:: Data to process ::

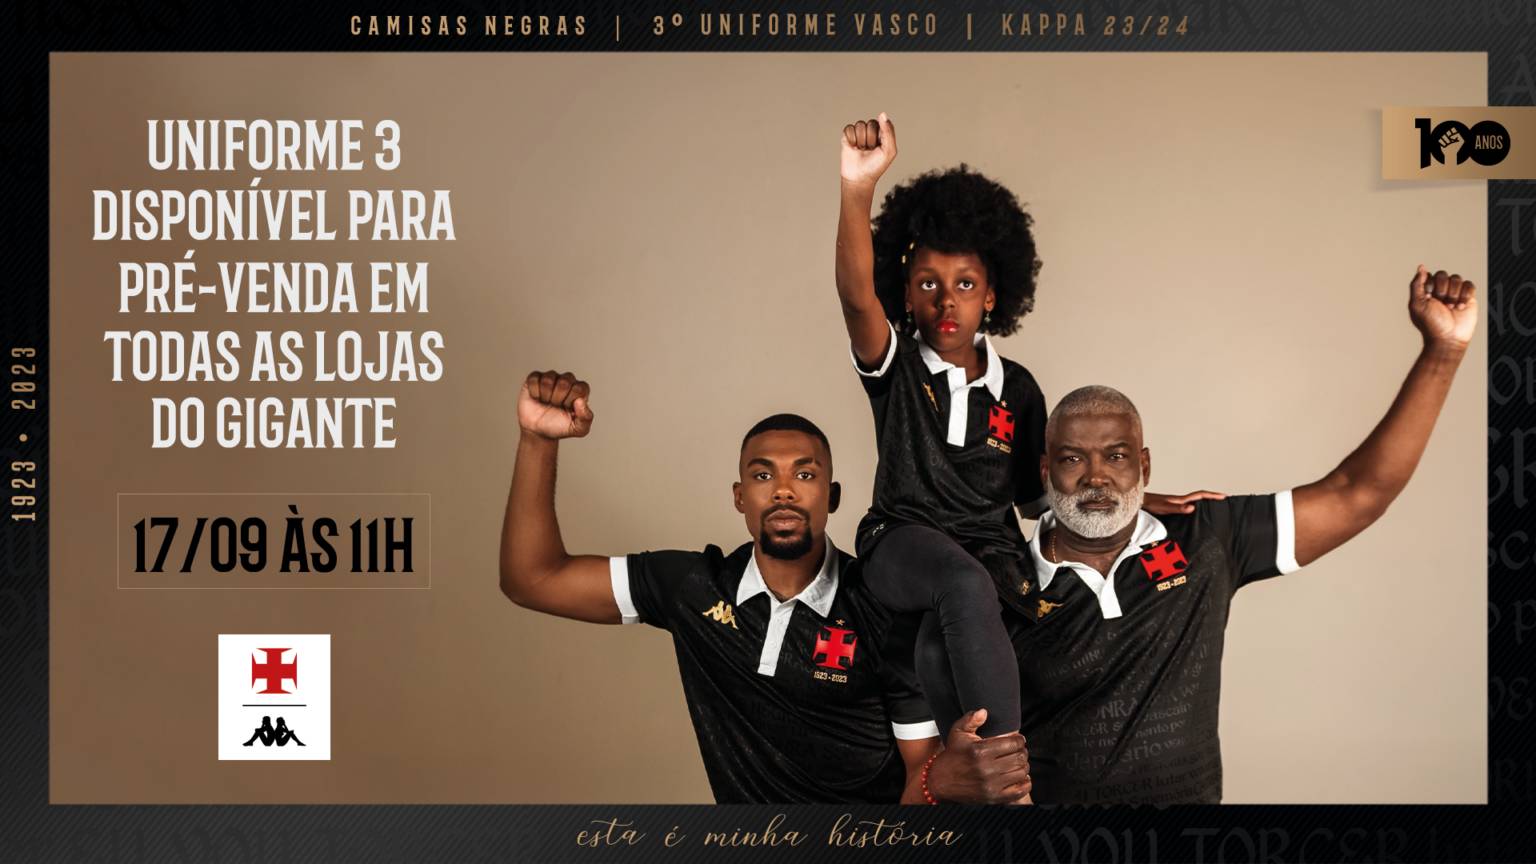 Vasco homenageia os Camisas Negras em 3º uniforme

==

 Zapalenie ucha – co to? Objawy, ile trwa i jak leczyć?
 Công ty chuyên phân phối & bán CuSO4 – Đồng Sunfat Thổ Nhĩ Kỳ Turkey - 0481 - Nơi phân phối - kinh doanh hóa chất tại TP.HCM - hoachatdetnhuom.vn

* * *

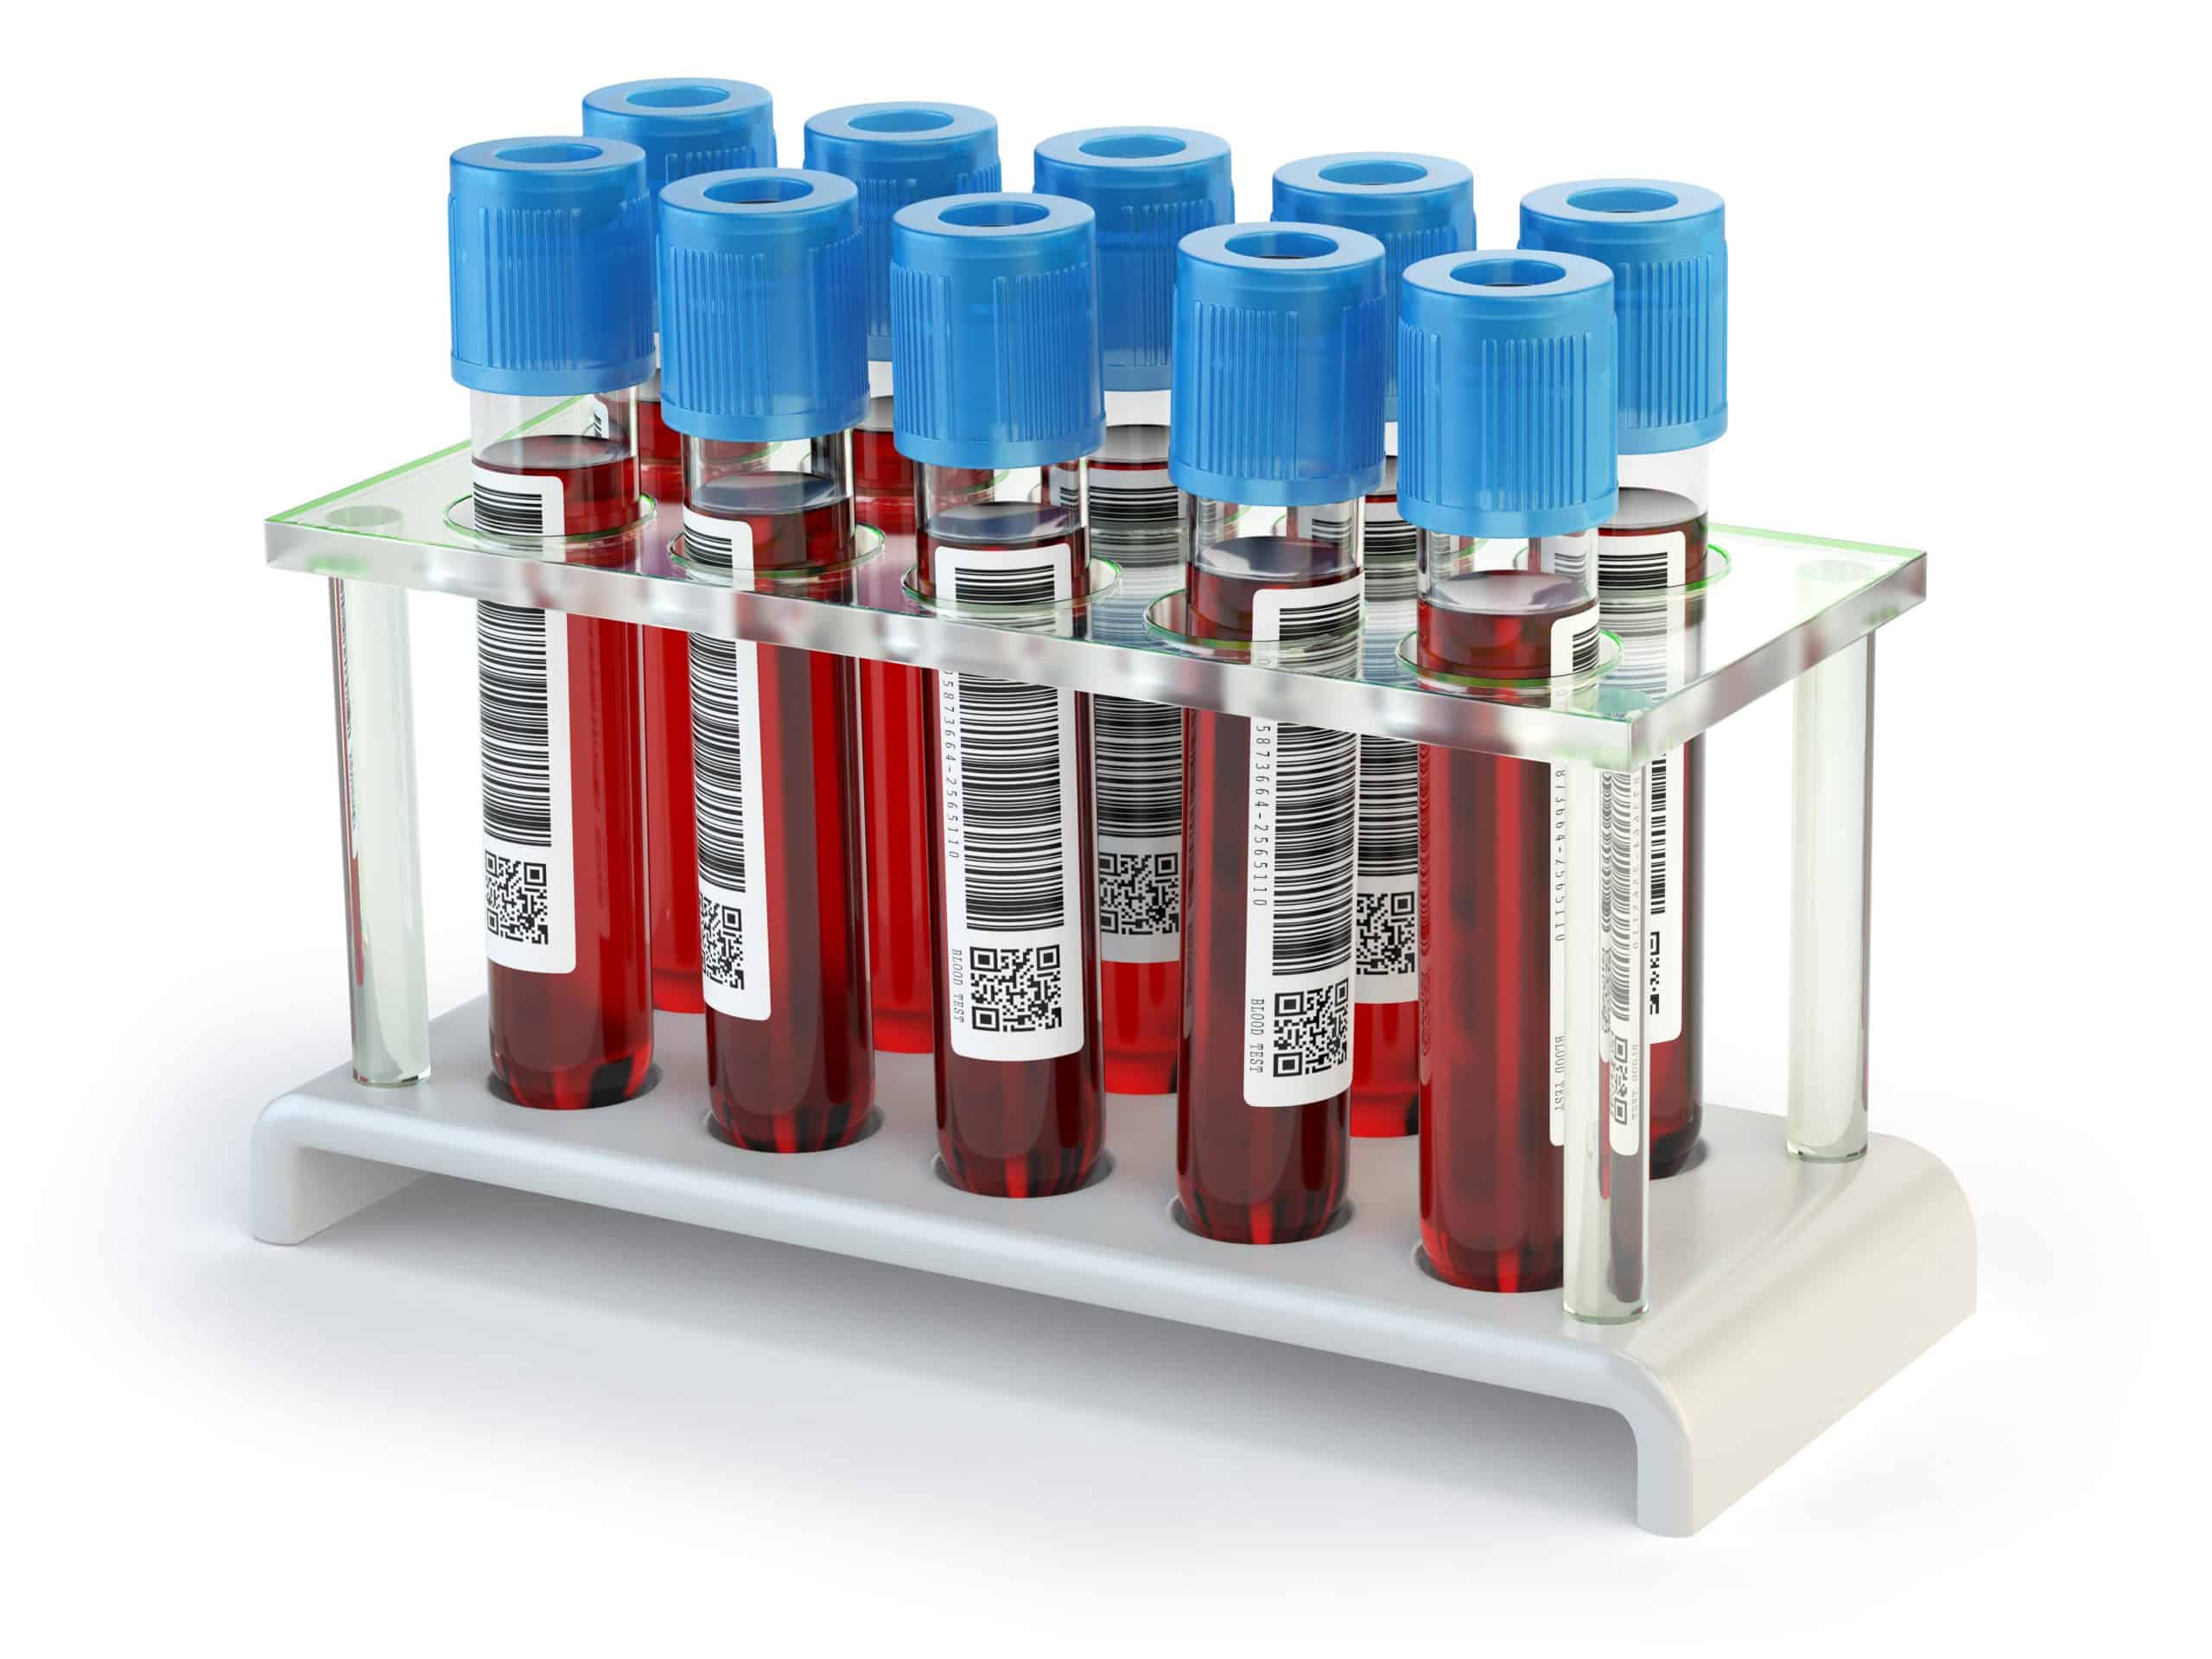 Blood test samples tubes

:: Task to carry out ::
Reproduce only the lines above, starting at the line with "Zapalenie ucha –" and ending at the line with "Công ty chuyên", exactly as written.

:: Output for this exercise ::
 Zapalenie ucha – co to? Objawy, ile trwa i jak leczyć?
 Công ty chuyên phân phối & bán CuSO4 – Đồng Sunfat Thổ Nhĩ Kỳ Turkey - 0481 - Nơi phân phối - kinh doanh hóa chất tại TP.HCM - hoachatdetnhuom.vn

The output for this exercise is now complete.